In [2]:
import pandas as pd
import re
import time

In [3]:
df = pd.read_csv('tweets_users_period.csv')
df.sample()

Unnamed: 0,id,text,user_id,user_name,to_date
34502,1050762007727751168,"Republicans decry Dems 'mob rule,' flipping sc...",219913524,moraro456,2018-10-12


## Detect rt

In [4]:
def detect_rt(row):
    PATTERN = 'RT @'
    
    if PATTERN in row['text']:
        initial_rt = row['text'].index(PATTERN)
        text_from_rt = row['text'][initial_rt + len(PATTERN):]
        rt_from = text_from_rt[:text_from_rt.find(':')].strip()
        row['rt_from'] = rt_from

    return row

In [5]:
df = df.apply(detect_rt, axis=1)
df.head()

Unnamed: 0,id,rt_from,text,to_date,user_id,user_name
0,1006016894560763904,,I don't know where the weekend went. I was so ...,2018-06-11,27823262,donkolenda
1,1006017578194612224,,"God our Father, as we have celebrated today th...",2018-06-11,27823262,donkolenda
2,1006120674786725888,,@netdog713 @GOP We should abolish political pa...,2018-06-11,17322758,rob_blue
3,1006125685675646976,,Bring it. https://t.co/Rf4Bsi2V0r,2018-06-11,17322758,rob_blue
4,1006130726725672960,,My God he looks like a manatee with an ill-fit...,2018-06-11,17322758,rob_blue


## Detect mentions

In [6]:
def detect_mentions(row):
    PATTERN = '@'

    tweet_text = row['text']
    tweet_text = tweet_text.replace('RT @', '')
    if PATTERN in tweet_text:

        mentions_users = []

        indexes = [m.start() for m in re.finditer(PATTERN, tweet_text)]
        for index in indexes:
            text_from_mt = tweet_text[index + len(PATTERN):]
            mt_from = text_from_mt[:text_from_mt.find(' ')].strip()
            mentions_users.append(mt_from)
        
        row['mentions'] = mentions_users

    return row

In [7]:
df = df.apply(detect_mentions, axis=1)
df.sample()

Unnamed: 0,id,mentions,rt_from,text,to_date,user_id,user_name
39175,1055640460792713216,"[nytimesphoto:, realdonaldtrump]",,From '@nytimesphoto: #LIAR #moroninchief #sexu...,2018-10-26,32552440,MichelleMazuros


## Get followers

In [8]:
import tweepy

# Go to http://apps.twitter.com and create an app.
# The consumer key and secret will be generated for you after
consumer_key = ''
consumer_secret = ''

# The access tokens can be found on your applications's Details
# page located at https://dev.twitter.com/apps (located
# under "Your access token")
access_token = ''
access_token_secret = ''

In [9]:
auth = tweepy.OAuthHandler(consumer_key, consumer_secret)
auth.set_access_token(access_token, access_token_secret)

In [10]:
api = tweepy.API(auth)

In [11]:
user_names = df['user_name'].unique()
user_followers = []

for username in user_names:
    try:
        user = api.get_user(username)
        followers_counts = user.followers_count
        user_followers.append({'user_name':username,
                               'followers_count':followers_counts})
        time.sleep(1)
    except:
        print('User {} not found'.format(username))

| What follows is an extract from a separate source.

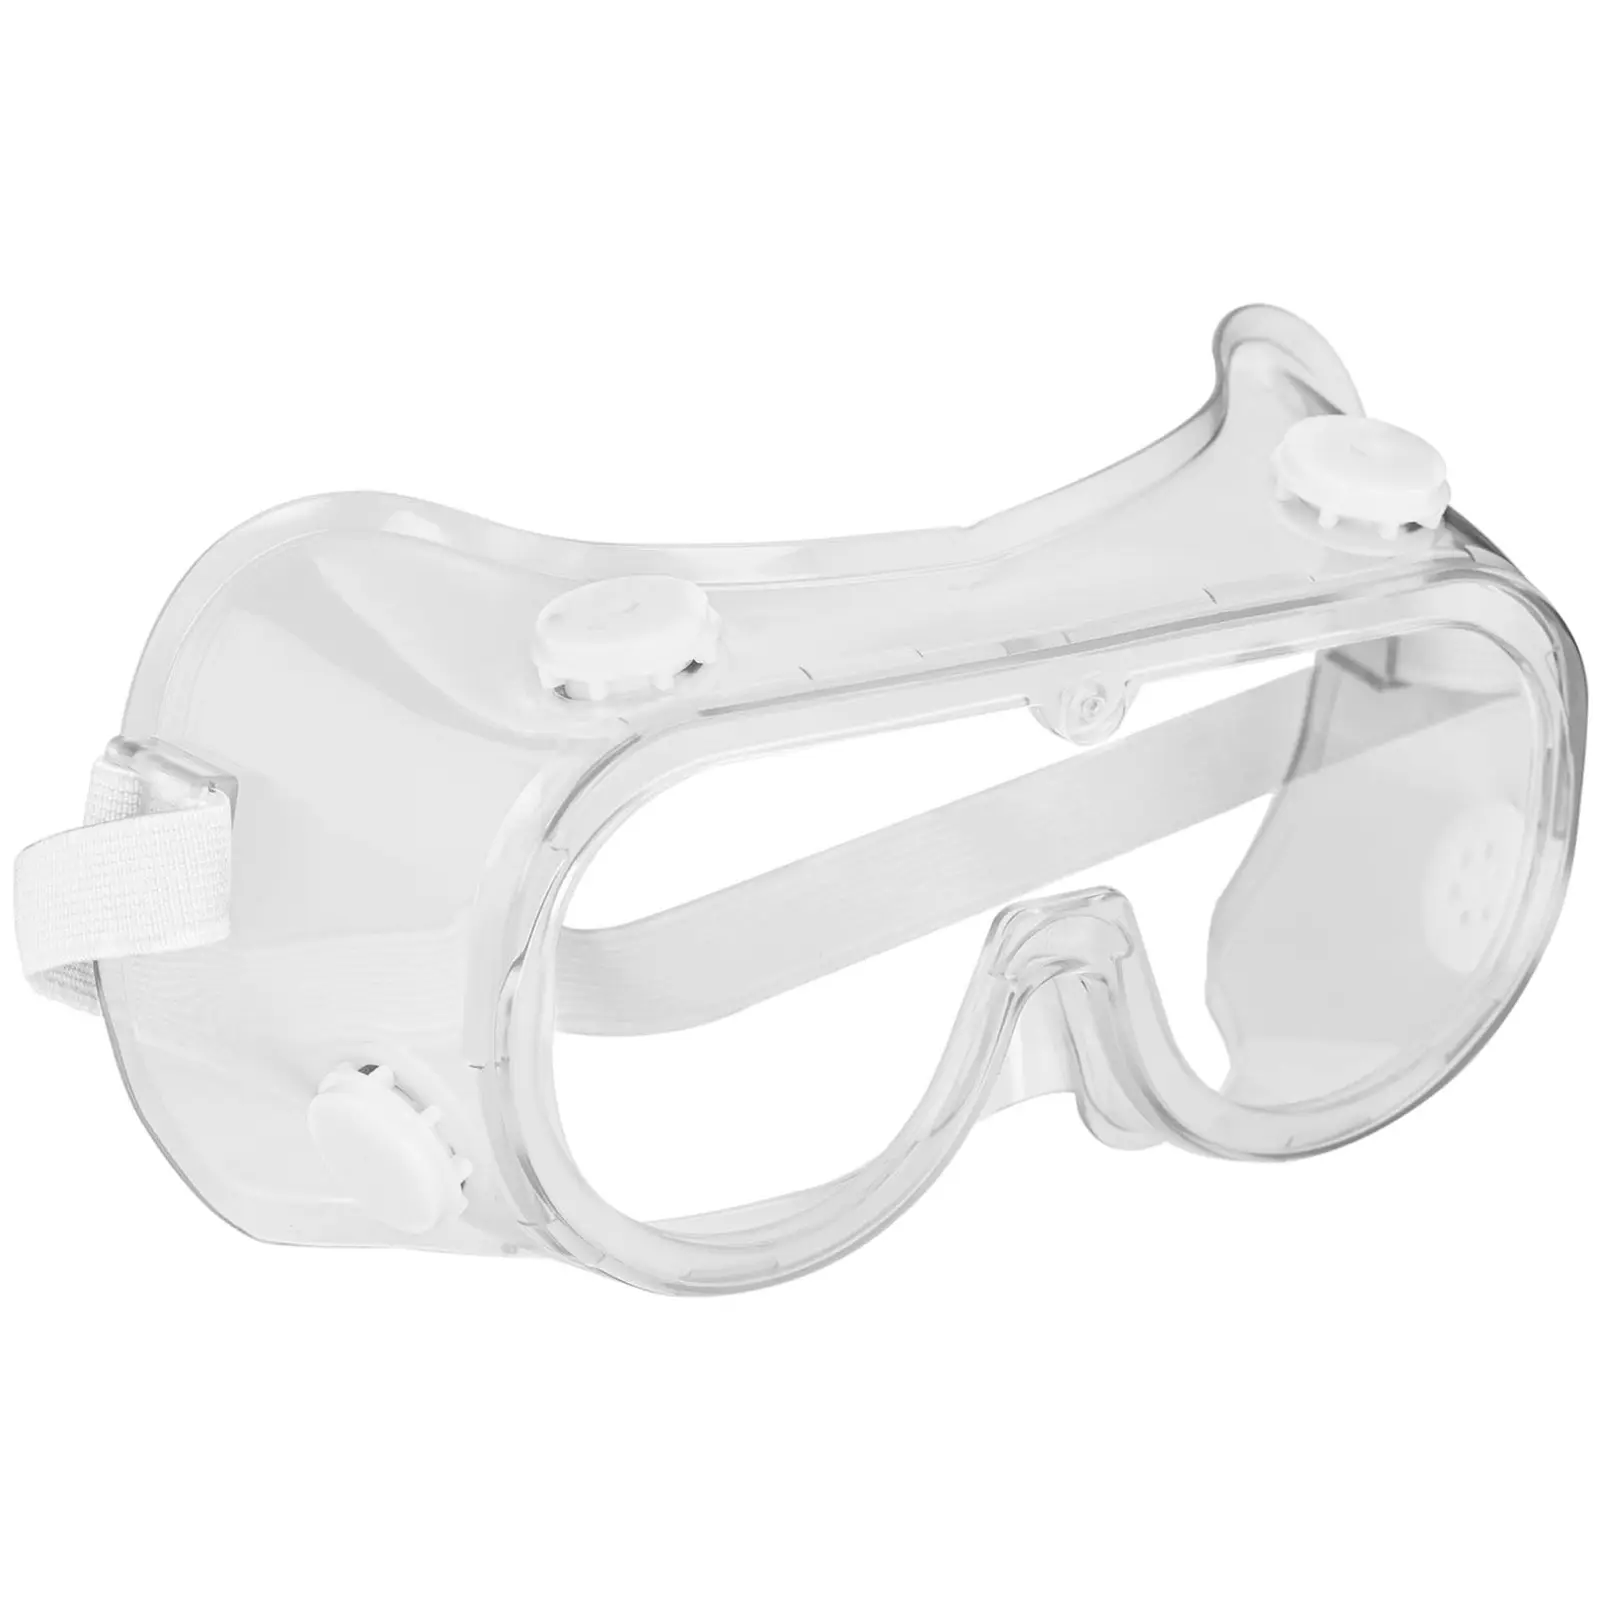 Schutzbrille - 3er Set - klar - Einheitsgröße

User GAngeli1993 not found
User slbasketballmom not found
User robsaghafi not found
User JohnnyTSollitto not found


In [12]:
df_user_followers = pd.DataFrame(user_followers)
df_user_followers.sample()

Unnamed: 0,followers_count,user_name
108,4544,ECHOisthename


## Interactor Ratio
- RT3 Number of users who have retweeted author’s tweets.
- M4 Number of users mentioning the author
- F1 Number of followers

In [13]:
user_names = df['user_name'].unique()

### RT3

In [14]:
rt3 = []

for user in user_names:
    df_rt_users = df.dropna(subset=['rt_from'])[['rt_from','user_name']].drop_duplicates()
    n_rt = len(df_rt_users.loc[df_rt_users['rt_from'] == user.strip()])
    rt3.append({'user_name':user, 'rt3':n_rt})

In [16]:
df_rt3 = pd.DataFrame(rt3)
df_rt3.sort_values('rt3', ascending=False).sample()

Unnamed: 0,rt3,user_name
197,0,KatiaPriceless


### M4

In [17]:
df_mentions = df.dropna(subset=['mentions'])[['mentions','user_name']]
df_mentions.sample()

Unnamed: 0,mentions,user_name
30288,[],Naztitle01


In [18]:
df_mentions_tuples = df_mentions.mentions.apply(pd.Series) \
                        .merge(df_mentions, right_index = True, left_index = True) \
                        .drop(["mentions"], axis = 1) \
                        .melt(id_vars = ['user_name'], value_name = "user_mention") \
                        .drop("variable", axis = 1) \
                        .dropna().drop_duplicates()
    
df_mentions_tuples.sample()

Unnamed: 0,user_name,user_mention
14423,StaceyPaige27,patricksean333


In [20]:
m4 = []

for user in user_names:
    n_rt = len(df_mentions_tuples.loc[df_mentions_tuples['user_mention'] == user.strip()])
    m4.append({'user_name':user, 'm4':n_rt})

In [21]:
df_m4 = pd.DataFrame(m4)
df_m4.sort_values('m4', ascending=False).sample()

Unnamed: 0,m4,user_name
130,0,WJSClanton


### Interactor Ratio

In [22]:
df_ff_rt3 = pd.merge(df_user_followers, df_rt3, how='outer', on='user_name')
df_ir = pd.merge(df_ff_rt3, df_m4, how='outer', on='user_name')
df_ir.sample()

Unnamed: 0,followers_count,user_name,rt3,m4
104,1997.0,paddywhackspub,0,0


In [23]:
df_ir['interactor_ratio']  = df_ir.apply(lambda x:(x.rt3 + x.m4)/x.followers_count ,axis=1 )

In [24]:
df_ir.sort_values('interactor_ratio', ascending=False).sample()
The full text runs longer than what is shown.